За Сибирью солнце всходит...
Шрифт:
— Нет, пан, не договорились. На расходы уж, будьте добры, сколько можно, — не отступал Трофим, а свояки молчаливо поддерживали его глазами и кивками.
Пан Красовский побледнел, сжал челюсти так, что на щеках вздулись яблоки. Но сдержался.
— Подождите меня здесь. — Он быстро зашагал к дому. Вскоре вернулся. — Вот вам двадцать пять рублей, больше не могу. — Бросил деньги на стол. Трофим не стал торговаться.
— Что ж, и на этом благодарствуем, пан. Не забудьте наш договор. До побачення. Ходимо, хлопци!..
...Трофим со свояками вернулись в дом Омельки и объявили свою и панскую волю Акулине: ее пан Красовский устраивает в имение пана Зозули, двоих хлопцев Трофим и свояки разбирают по себе, а Тарасику пан Красовский найдет кормилицу. Про деньги ничего не сказали. Акулина выслушала
— Тарасика я никому не отдам, сама выхожу. Не отдам!

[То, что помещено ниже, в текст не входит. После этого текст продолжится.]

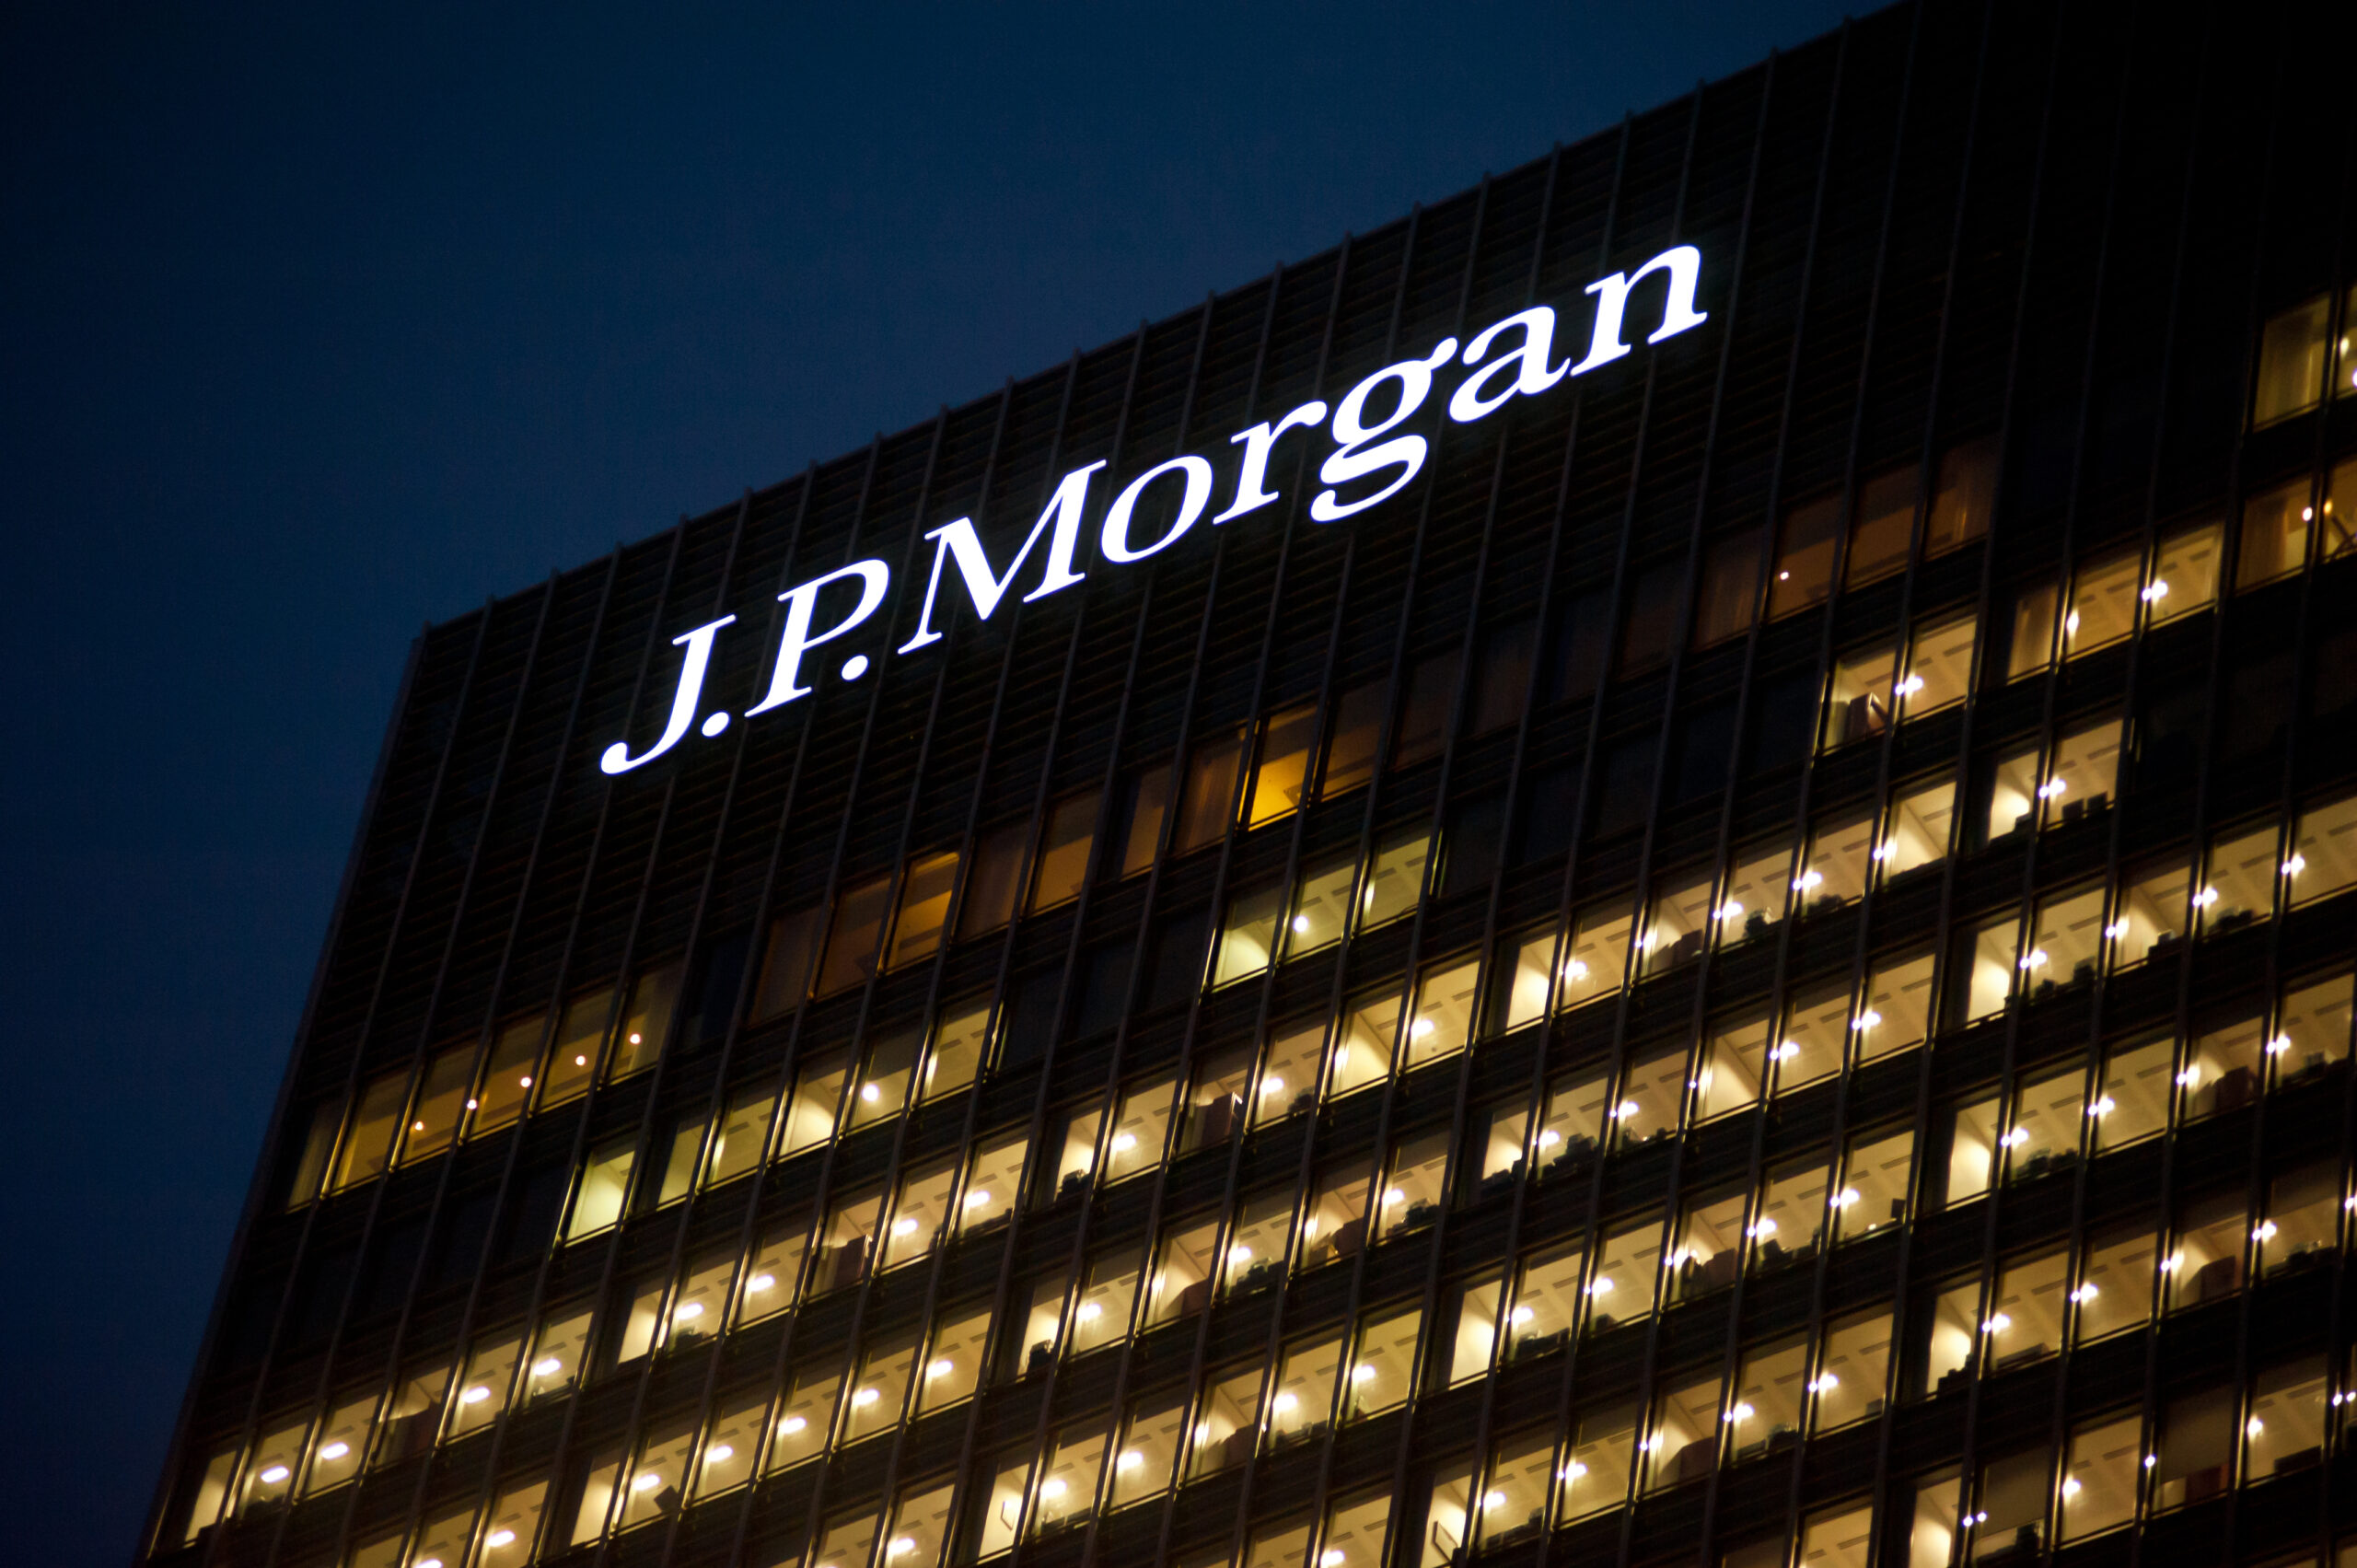 IN arrivo un nuovo chief technology officer per JPMorgan

Мужики поглядели на нее, маленькую, как капля воды, похожую на Одарку, такую же круглолицую и розовощекую, как ее мать в девках была, посмотрели в ее еще полные слез глаза и поверили: не отдаст. Они вышли на подворье, запрягли коней, посадили на подводу двоих Омелькиных сынов — Ивана и Степана и уехали. Акулина вышла за курень с Тарасиком на руках, проводила глазами подводу за дальний бугор. Подвода скрылась, но Акулина все стояла и горячими глазами глядела на шлях, над которым еще долго висела белой кисеей легкая пыль...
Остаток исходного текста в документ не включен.